At the present time, major global powers are competing for influence in Central Asia. We know that in the spring of 2022, relations between Iran and Central Asia reached their peak, with the presidents of Tajikistan, Turkmenistan and Kazakhstan all visiting Tehran. For example, in May, the President of Tajikistan Emomali Rahmon visited Tehran for the first time since 2013. Prior to Rahmon’s arrival in Iran, the two countries had launched a drone factory in Tajikistan for manufacturing Iranian-made Ababil-2 drones. This development is seen as Dushanbe’s response to Kyrgyzstan’s purchase of Turkish-made Bayraktar drones last year. Although the President of Uzbekistan Shavkat Mirziyoyev has not visited Iran this year, Tashkent is also in Tehran’s view. On June 20, at the initiative of the Iranian side, a telephone conversation was held between the foreign ministers of the two countries to enhance cooperation in various fields. Like Kazakhstan, Uzbekistan is mainly interested in Iran’s transit potential. One of the priorities of the current administration of Uzbekistan in foreign policy is to access the ports of Iran, the Gulf, and South Asia. On September 14, Iranian President Ebrahim Raisi paid an official visit to Uzbekistan to attend the Shanghai Cooperation Organization (SCO) summit. In addition, talks between Uzbekistan and Iran were held, resulting in the signing of 18 documents covering various fields of cooperation. The most prominent agreements are as follows:
• Agreement on the simplification of visa procedures for businesspeople, academics and tourists.

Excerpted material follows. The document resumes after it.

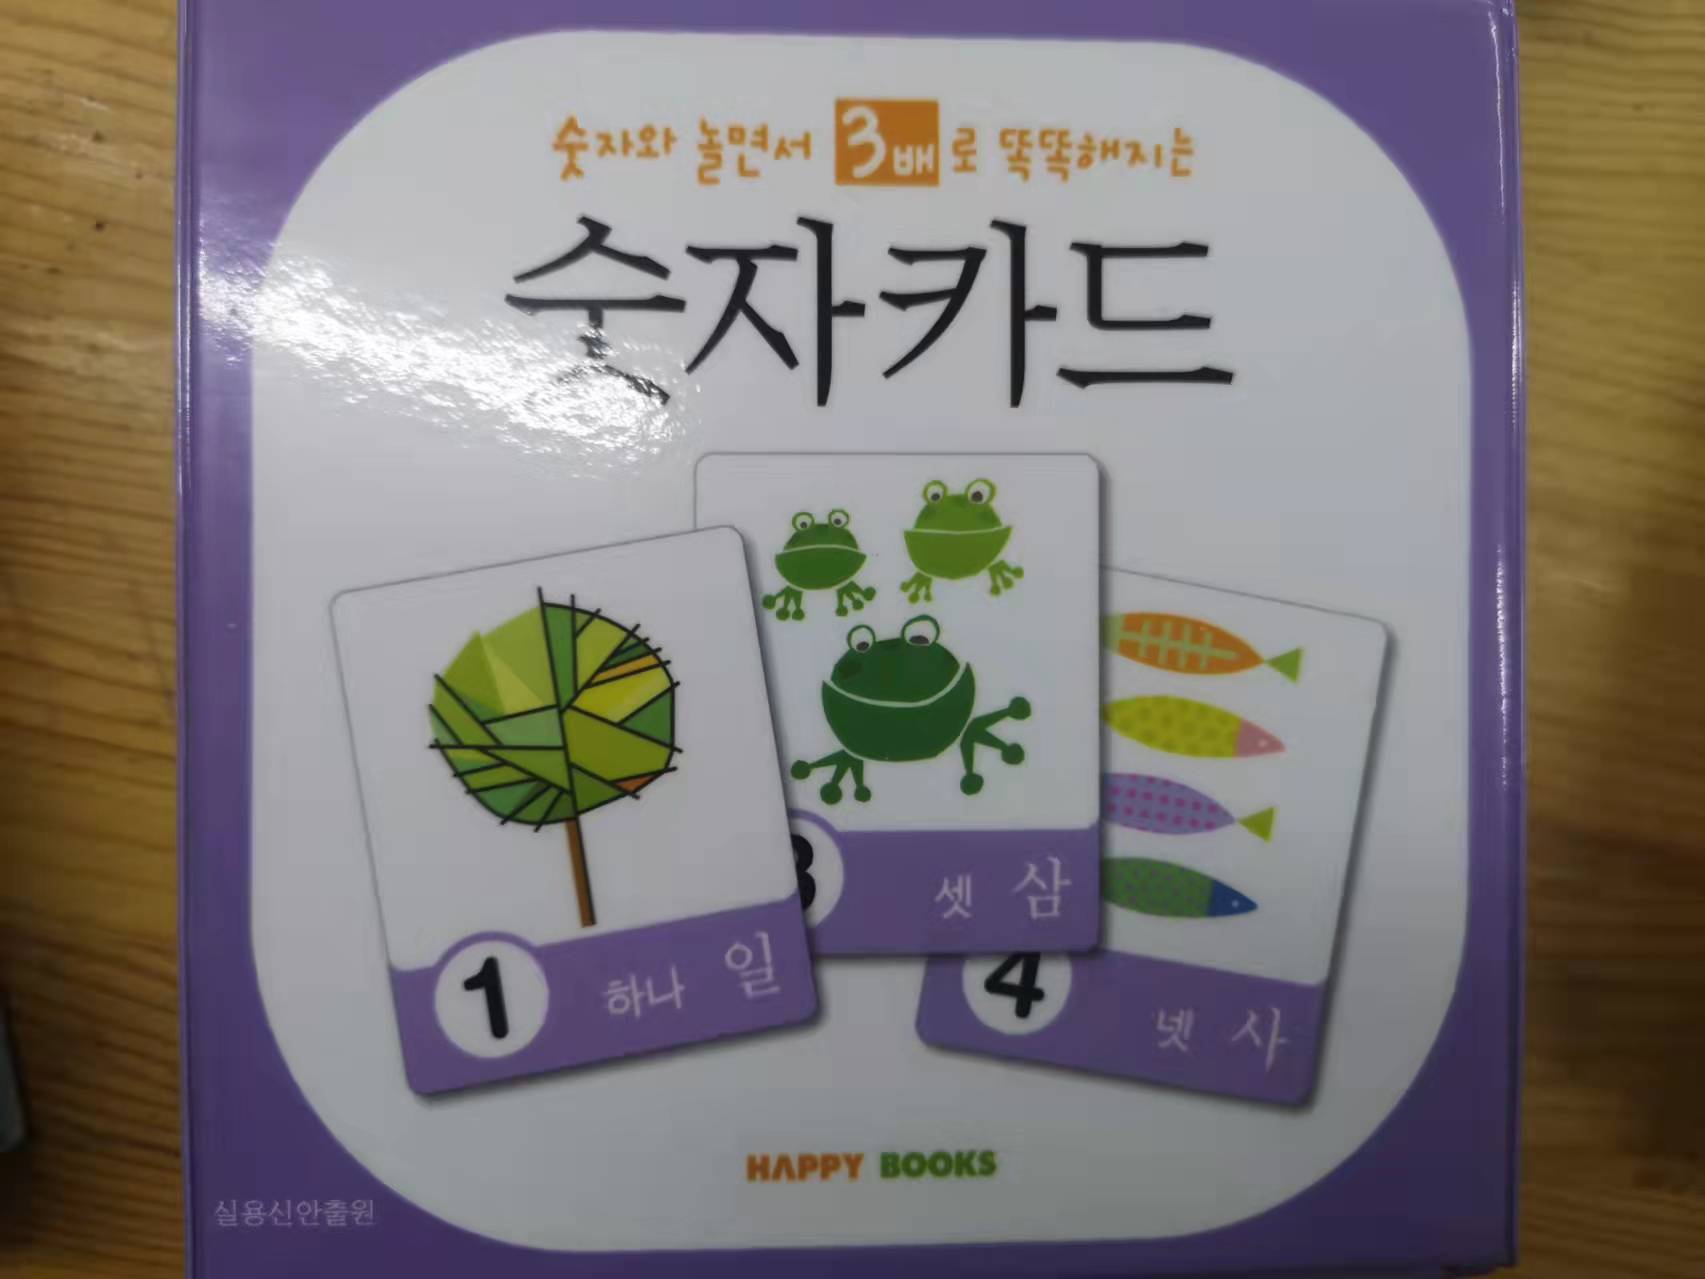 韩国语数字卡/朝鲜文幼儿单词学习/早教/益智/卡片玩具

• Agreement on a bilateral exemption for holders of diplomatic passports from visa requirements.
• Cooperation program in the field of tourism.
• Memorandum of understanding in the oil, gas and petrochemical industries.
• Memorandum of understanding for cargo transportation and transit through the port of Chabahar
• Cooperation program between the ministries of foreign affairs.
In addition to the aforementioned, Iran’s full SCO membership has created additional opportunities for Central Asian countries to expand their ties with the Iranian government. This multilateral forum will allow dialogue and cooperation on many crucial fronts such as security and economic investment projects. Furthermore, through cultural exchange programs, Iran will be able to spread its political ideology among Shiite communities in Central Asia and use soft power to project a positive image to win hearts and minds in this region which will help it in overcoming the isolation it has faced because of its nuclear program, its interferences in sovereign countries, and its poor human rights record.
Despite this isolation, Iran’s geographical position means that it will always be an attractive proposition for many countries that want access to land and sea trade routes. The Central Asian countries fit this description given their landlocked nature, also establishing corridors with Iran will give them to access to the Gulf. This eagerness for corridors was reflected in the signing of the Ashgabat Agreement in April 2016, which laid out the modalities for a multimodal transport corridor agreement between the governments of Uzbekistan, Kazakhstan, Turkmenistan, Iran, Oman, India and Pakistan to facilitate the transportation of goods from Central Asia to the Gulf. Given China’s penetration into Central Asia via its Belt and Road Initiative, it may also join the Ashgabat Agreement to further cement its footprint in the region. Moreover, given India’s involvement in the agreement, it is a further incentive for China to join and exert its influence in this vastly important geopolitical region, especially as New Delhi is a competitor and is seen in Beijing as part of the US axis to contain its economic expansion.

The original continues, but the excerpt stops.